"ЗАВТРА". В свое время философ и богослов С.Н.Булгаков назвал Фёдорова пророком, который опередил свое время. Одна из ваших книг о Фёдорове называется "Философ будущего века". В чем видите вы актуальность его идей для мира, вступившего в III-е тысячелетие по Рождеству Христову?
Светлана СЕМЁНОВА. Прежде всего это радикальная смена взгляда на причины зла в мире и человеке и на пути преодоления этого зла. Федоров убежден, что именно смертность (эта роковая печать нашего первородного греховного недостоинства), все те грубые и тонкие яды взаимного вытеснения, борьбы, соперничества, отчаяния, цинизма, нигилистического вызова, которые она выделяет, является глубиннейшей причиной кризиса человека и созданной им цивилизации.
Вот уже несколько столетий, с Нового времени, история зациклена на вопросе о богатстве и бедности. Этот вопрос может принимать разную форму, то религиозно-должную, то утопически-социалистическую, то "научно"-коммунистическую, то "цивилизованно"-западную с опорой на средний класс. И в современном конфликте цивилизаций присутствует этот компонент, связанный с экспансией западного мира и его ценностей, с теорией золотого миллиарда, готового скрыто и открыто подпитываться донорскими ресурсами — сырьем, рабочей силой бедного мира. Федоров же предлагает другую оптику. В основу нового ценностного выбора он ставит не вопрос о бедности и богатстве, а вопрос о смерти и жизни. Все человеки уравнены смертью. Смертен и Ротшильд, и последний бедняк, и коммунист, и демократ, и националист, и космополит. Потому и преодоление смерти может, по мысли Федорова, стать общим делом землян, поголовно смертных.

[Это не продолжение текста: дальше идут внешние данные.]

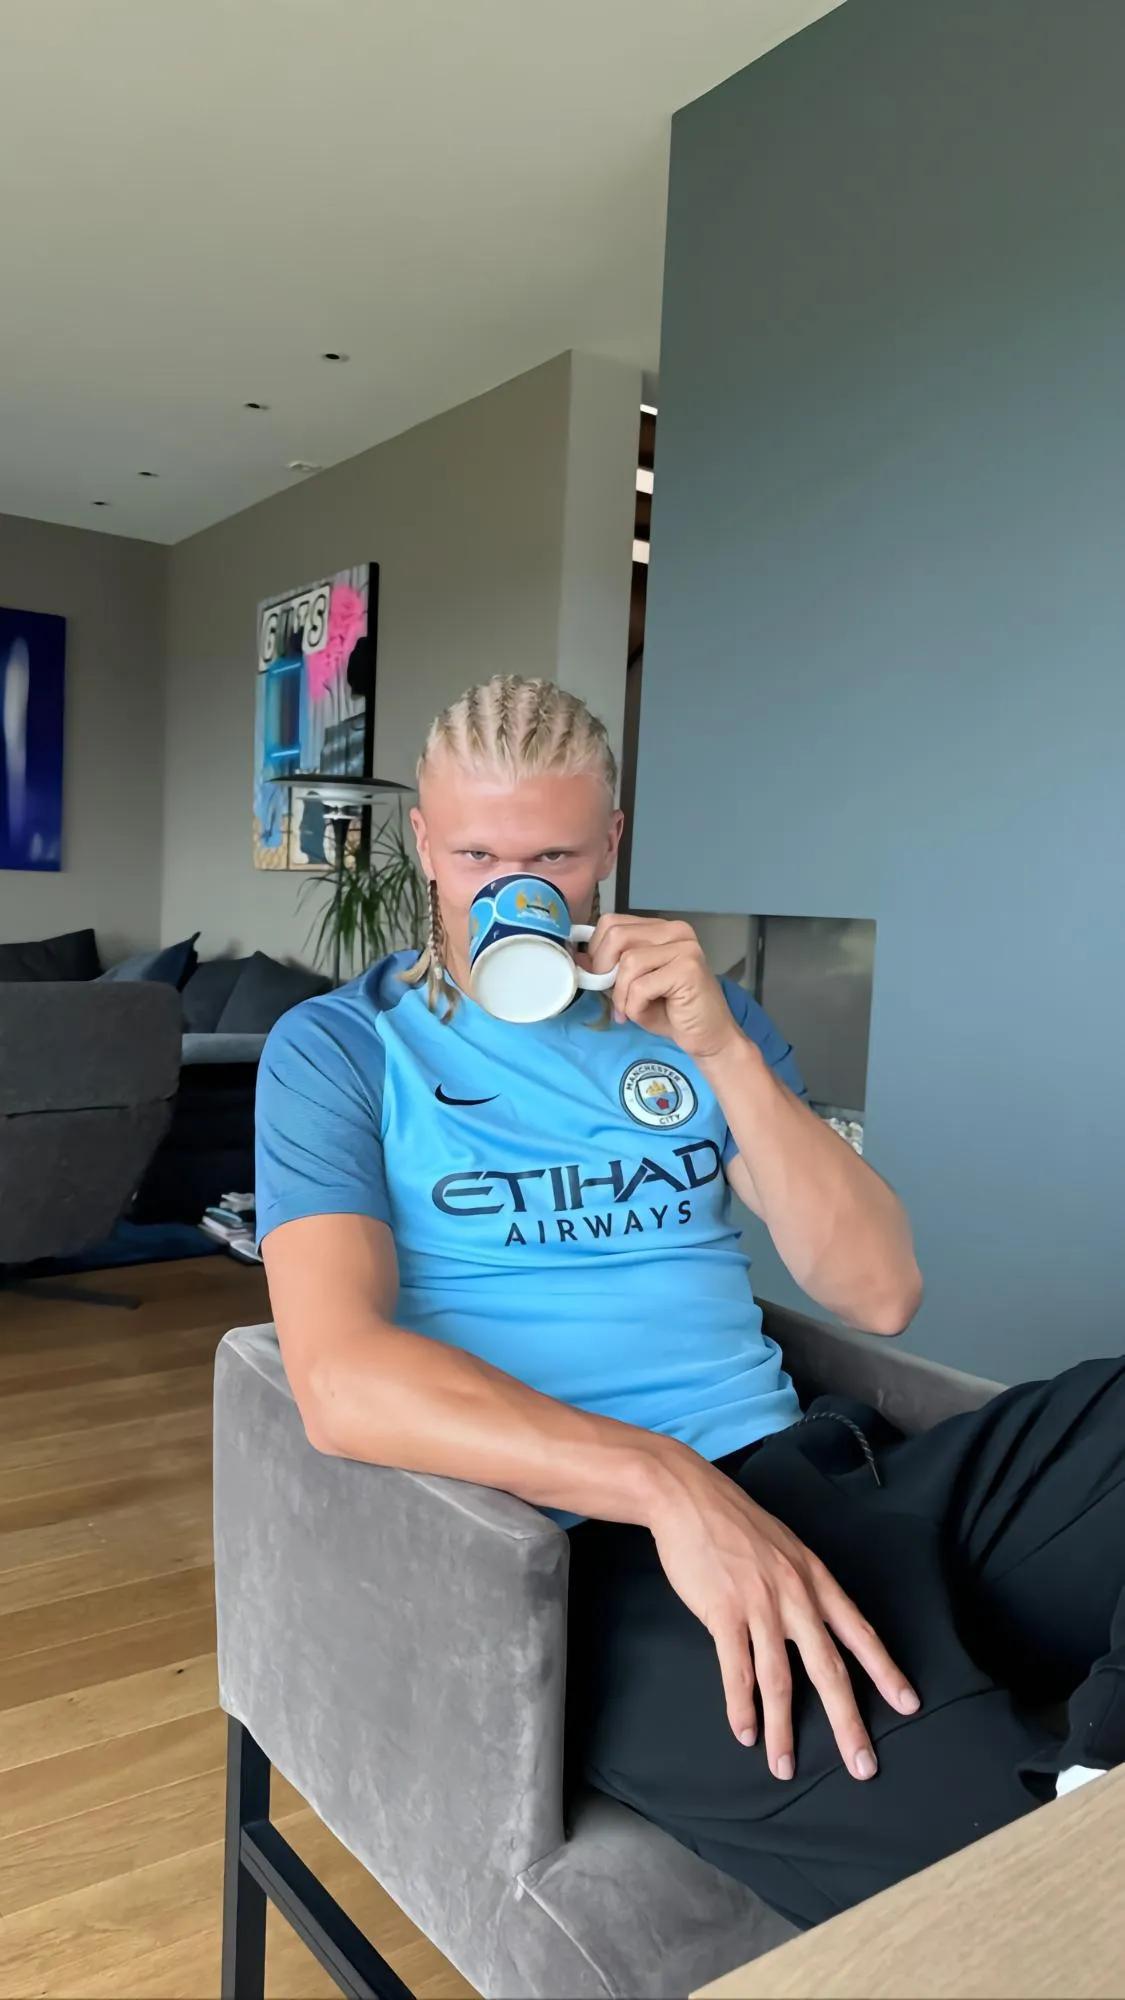 哈兰德身穿曼城球衣，用曼城马克杯喝水的照片。
球衣是曼城老球衣，被子上是曼城的老

Федоров вносит онтологическую составляющую в общественные проекты. Социальное действие и преобразование до сих пор не принимало и не принимает в расчет вопрос о природе смертного человека, о ее коренных дисгармониях, обрекая тем самым на провал многие цивилизационные задачи и планы. "Смертного сделать счастливым" — цель по самой своей сути неразрешимая. Почти всё созданное человеком, подточенным вирусом смертной тоски, является амбивалентным, как и он сам, может служить и благу, и злу. И переламывать этот сомнительный баланс в сторону радикального добра можно, только потесняя права смерти в самом человеке, работая над его омолаживанием, удлиняя видовой срок его жизни, вплоть до достижения бессмертия и постепенного восстановления ушедших.

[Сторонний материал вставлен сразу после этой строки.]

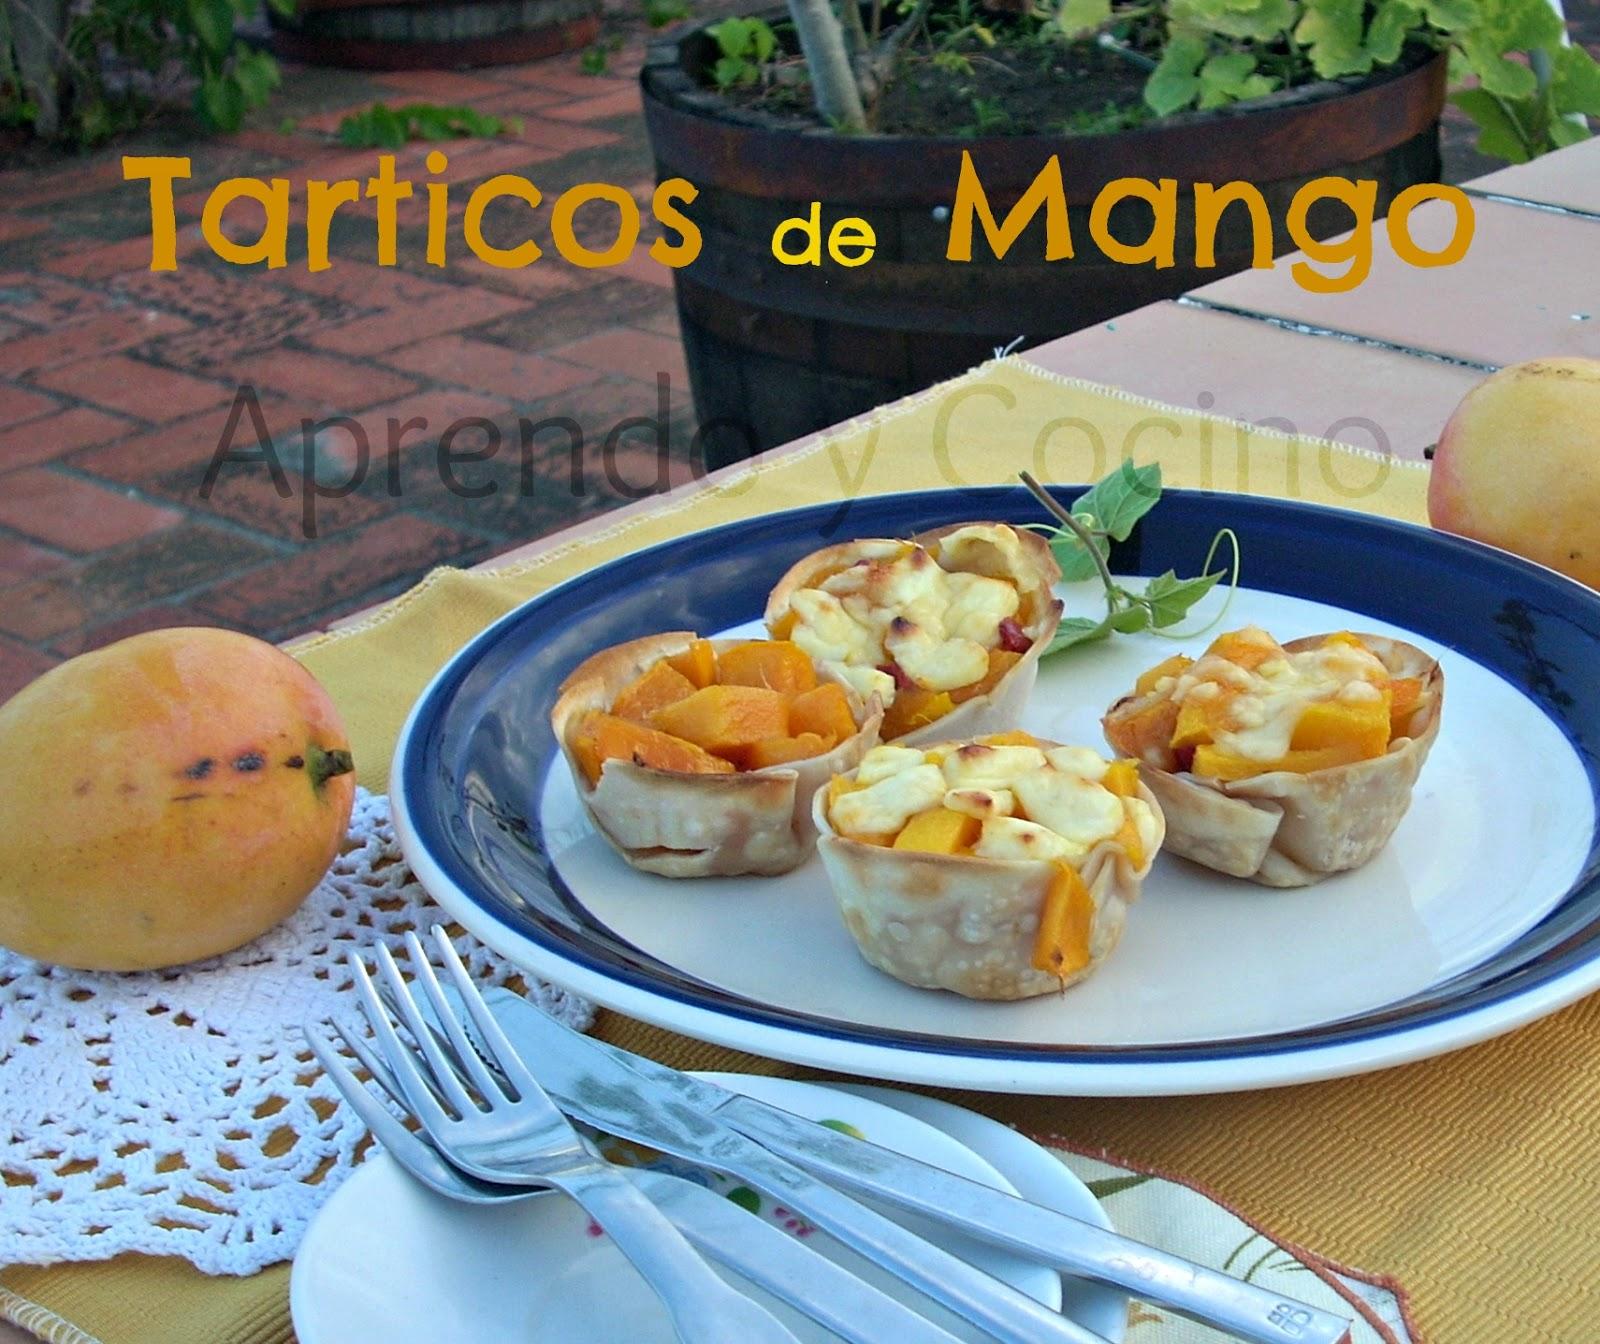 Tartaletas de Mango

Глобальная экологическая проблема отношения человека к природе также по-новому ставится Федоровым: не гордынная эксплуатация, эгоистическое расхищение мира, а разумно-творческая регуляция протекающих в природе процессов. Федоров вводит в русскую и мировую мысль философию хозяйства в масштабе планетарно-космическом, в духе библейской, еще первоначально-райской заповеди обладания землей и мудрого владычества над ее созданиями. Это обладание и владычество обращено и к разрушительным природным силам, потрясающим род людской, и к зловещим плодам неразумной, хищнической, непросчитанной человеческой активности (истощение земли, радиация и т.д.). Смерть, стихия катастрофически касаются всех и каждого, и борьба с ними, обуздание их может и должно быть делом планетарным, не разъединяющим, а объединяющим человечество в общем деле.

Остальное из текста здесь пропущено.